If you can get everything working – that’s honestly a big if – it is a pretty incredible, almost out-of-body experience. There aren’t too many games out there in the VR space that can really quite compare. Half-Life: Alyx is the most obvious one, and while it’s by far the best of the bunch – gunfights are few and far between and just feel a little too polished. Fallout 4 takes the opposite extreme where fights are just straight chaos and you might have a bunch of crazies shooting at you and others rushing you with melee weapons. No longer can you just equip a sniper rifle (my specialty in Fallout games) and just snipe everyone that comes your way with a click of the mouse. Now you’ll actually need steady aim and a keen eye. Which is probably how it should be.

And exploration? Let’s just say that I never really thought of Fallout 4 as a horror game (sure, some vaults were creepy), but go inside any building in VR and it’s a completely different ballgame. Like, the kind of ballgame where you’re constantly looking over your shoulder lest a super mutant sneak up on you from behind and smash you with a super sledge. This is an entirely new game and worth replaying again if you’ve completed the base, non-VR version.


Of course, that doesn’t mean it’s without its shares of foibles.

Fallout 4 GingasVR Edition assumes a couple of things. It assumes that you’re playing for maximum immersion, and you want the Hardest, Most Punishing Experience. I’m going to say this is idiotic especially with how some of the mods operate:

  • The default difficulty is set to Survival, which means: 1. you continually take damage if you’re over your weight limit. Unfortunately, in my version there’s no way to tell that you’re over the weight limit without constantly checking the weight numbers in the inventory screen. Which makes no sense – if I’m carrying too much, I think I’d actually notice before my legs fall off, no? And 2. survival also means no fast travel allowed.
  • One of the mods used in the GingasVR install is Idle Hands, which puts the pip-boy on your arm (cool, sure) complete with a *virtual button* that you use to activate it. This button is maddening and requires you to manipulate your arm in creative ways all while stabbing your other finger at empty air. This is all part of the Punishing Experience.
  • When you die, you get treated to special music, which can be: the Super Mario Bros. death theme, an absurdly long version of the “MMM WHATCHA SAYYY, MMM THAT YOU ONLY MEANT WELL, OF COURSE YOU DID” song, and one more equally dumb song.
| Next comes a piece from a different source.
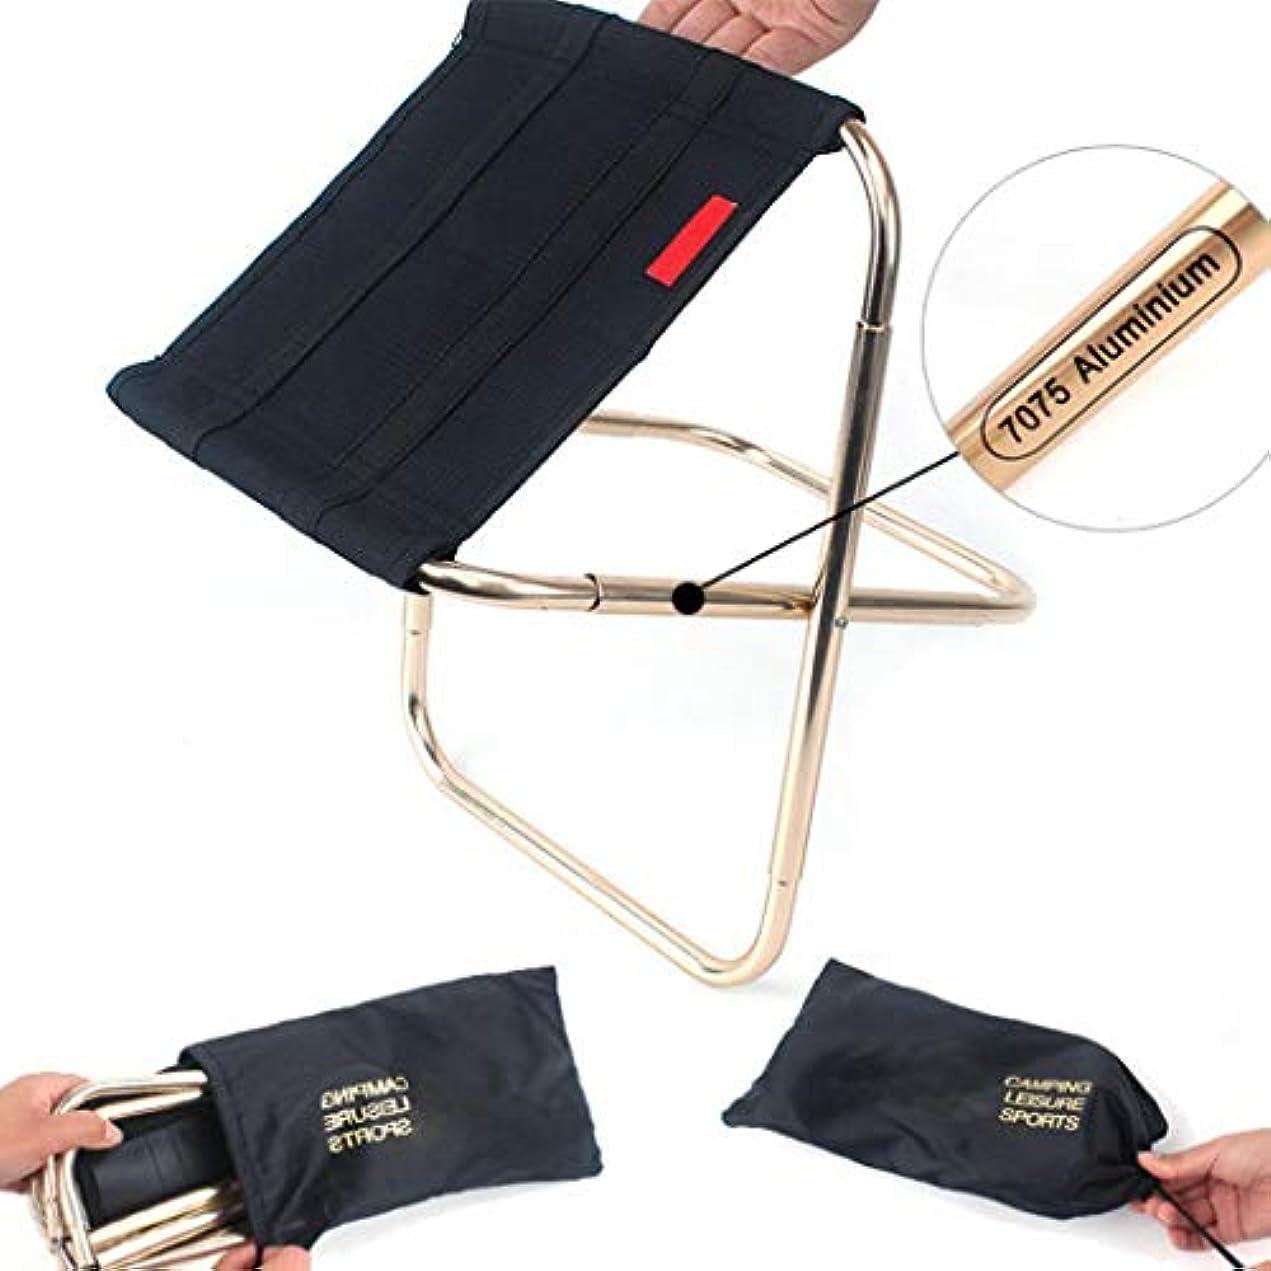 カートンスペクトラムサイズQueind アウトドア ミニ折り畳みチェア ポータブル アルミニウム ハイキング フィッシングチェア

Total immersion. To be fair, this is actually somewhat entertaining for like the first…ten deaths or so.
  • The included damage scaling mod makes enemies do more damage while taking much less. I’m fine with damage being more skewed in enemies’ favor, but when I’m constantly shooting at (and hitting) some nobody raider from two feet away and they don’t die after eating two entire 10mm clips, there’s a problem. I guess you’re supposed to headshot everyone, because hitting someone in the head with any weapon makes their head fly off in  dramatic fashion.

The good news is that you can turn off certain mods with the included Mod Organizer and lower the difficulty as needed. But I still have some random problems, like being unable to see any important messages (like when you enter a new area, when you’re sneaking, etc). I also seem to have lost the ability to change keybindings for my Index controllers, which also means I can’t change the virtual pip-boy button to a real one.

But that’s life, right? Sometimes you win, sometimes you get bitten by a radroach.